The present invention is not limited to the embodiments in points other than the above, and it is needless to say that various modifications can be made without departing from the scope of the invention.

[0015]

EFFECTS OF THE INVENTION The present invention has the excellent effects of improving the oxidation resistance, nitriding resistance and high temperature strength at a high temperature of 1450 ° C. or higher by virtue of the above composition.
Further, as a result, it can be used for slabs used at high temperatures of 1450 ° C. or higher, skid rails of walking beam conveyor type heating furnaces for heating steel materials such as billets, various members such as skid buttons, and hypersonic aircraft materials. Became.

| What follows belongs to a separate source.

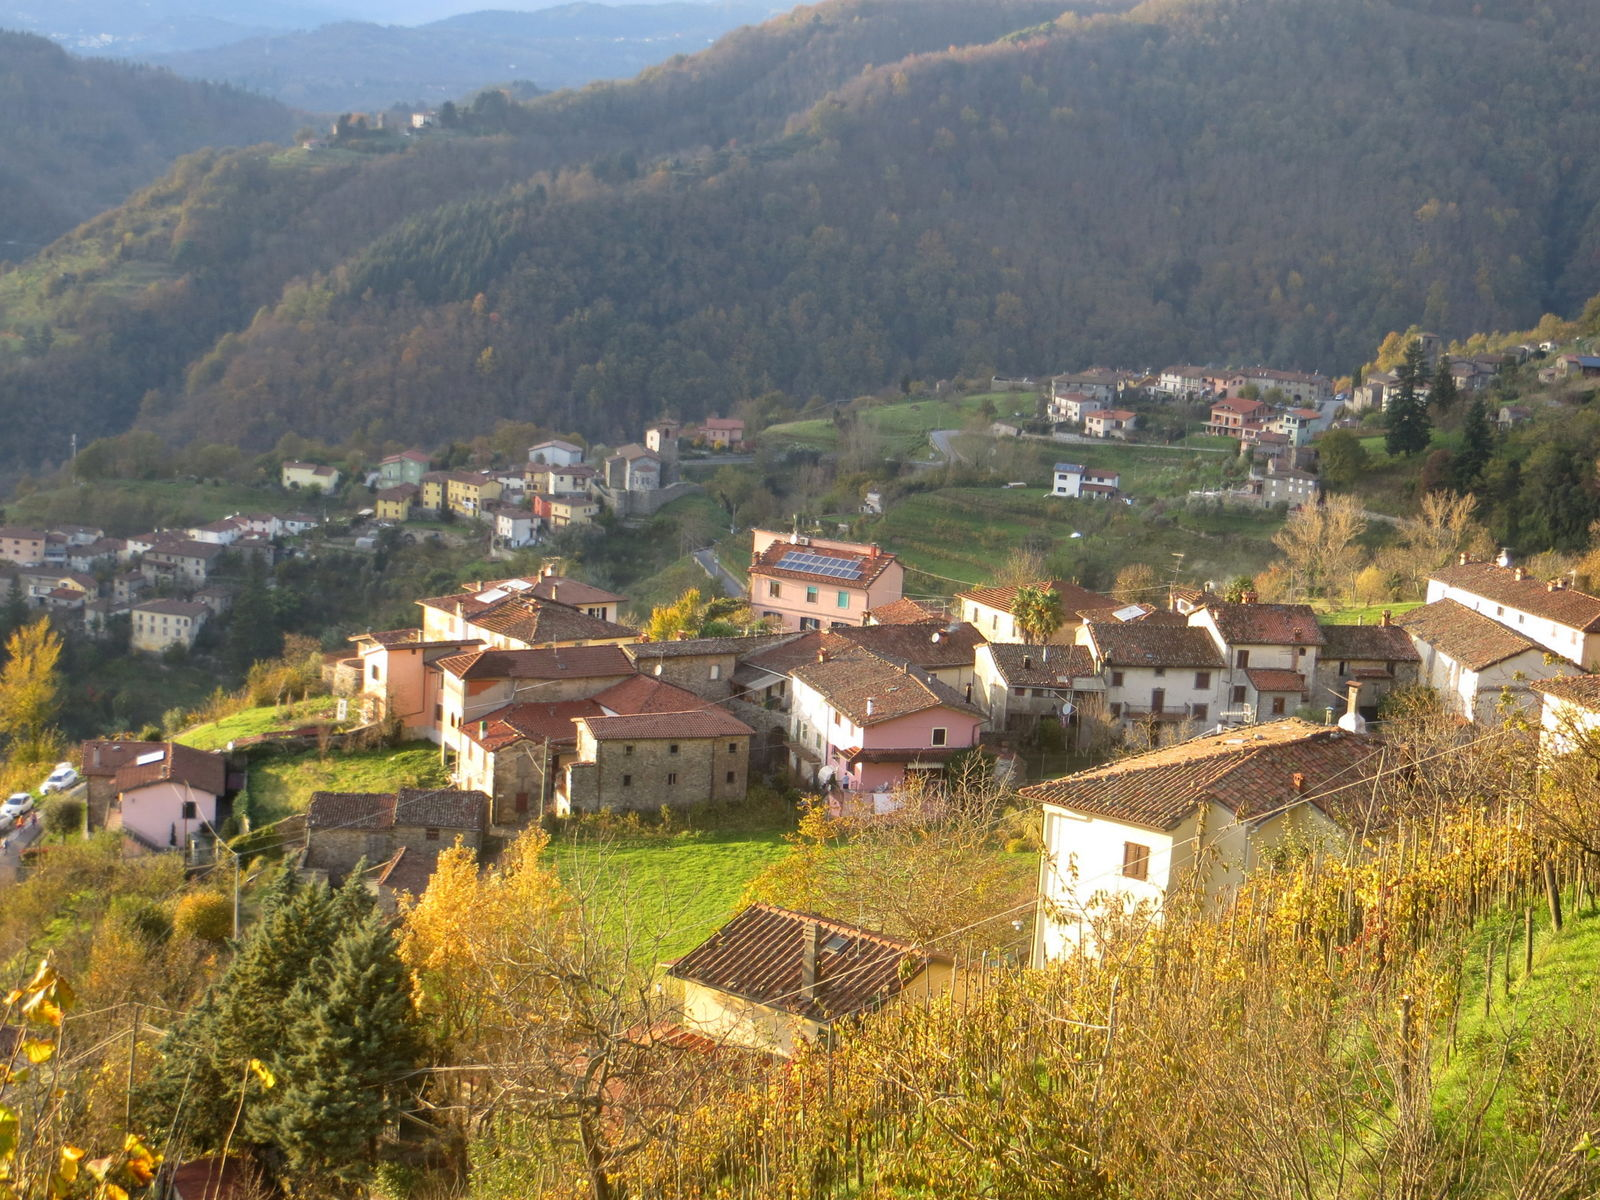 Fosciandora - On the border between Garfagnana and Lucchesia

[Brief description of drawings]

FIG. 1 is an explanatory diagram for explaining heating and cooling conditions in a repeated oxidation test for testing the oxidation resistance of oxide dispersion strengthened heat resistant alloys of the present invention and a comparative example.

Claims (4)

[Claims] 1. By weight%, Fe: 20% or less, refractory metal oxide: 0.2 to 2.0%, Zr, La, Ce, Nd.
And 1 or 2 or more of Y in a total amount of 0.5 to 5%, and the balance being substantially Cr. 2. By weight%, Fe: 20% or less, refractory metal oxide: 0.2 to 2.0%, one or two of Mo and W in a total amount of 0.5 to 10%, Zr, La, Ce, N
An oxide dispersion-strengthened heat-resistant alloy, containing one or more of d and Y in a total amount of 0.5 to 5%, and the balance being substantially Cr. 3. By weight%, Fe: 20% or less, refractory metal oxide: 0.2 to 2.0%, Si: 3% or less, Mn:
3% or less, one or two of Zr, La, Ce, Nd and Y
An oxide dispersion-strengthened heat-resistant alloy, characterized in that it contains 0.5 to 5% in total of at least one species, and the balance is substantially Cr. 4. By weight%, Fe: 20% or less, refractory metal oxide: 0.2 to 2.0%, one or two kinds of Mo and W in a total amount of 0.5 to 10%, Si: 3% or less, M
n: 3% or less, one or two or more of Zr, La, Ce, Nd and Y in a total amount of 0.5 to 5%, and the balance being substantially Cr. Dispersion strengthened heat resistant alloy.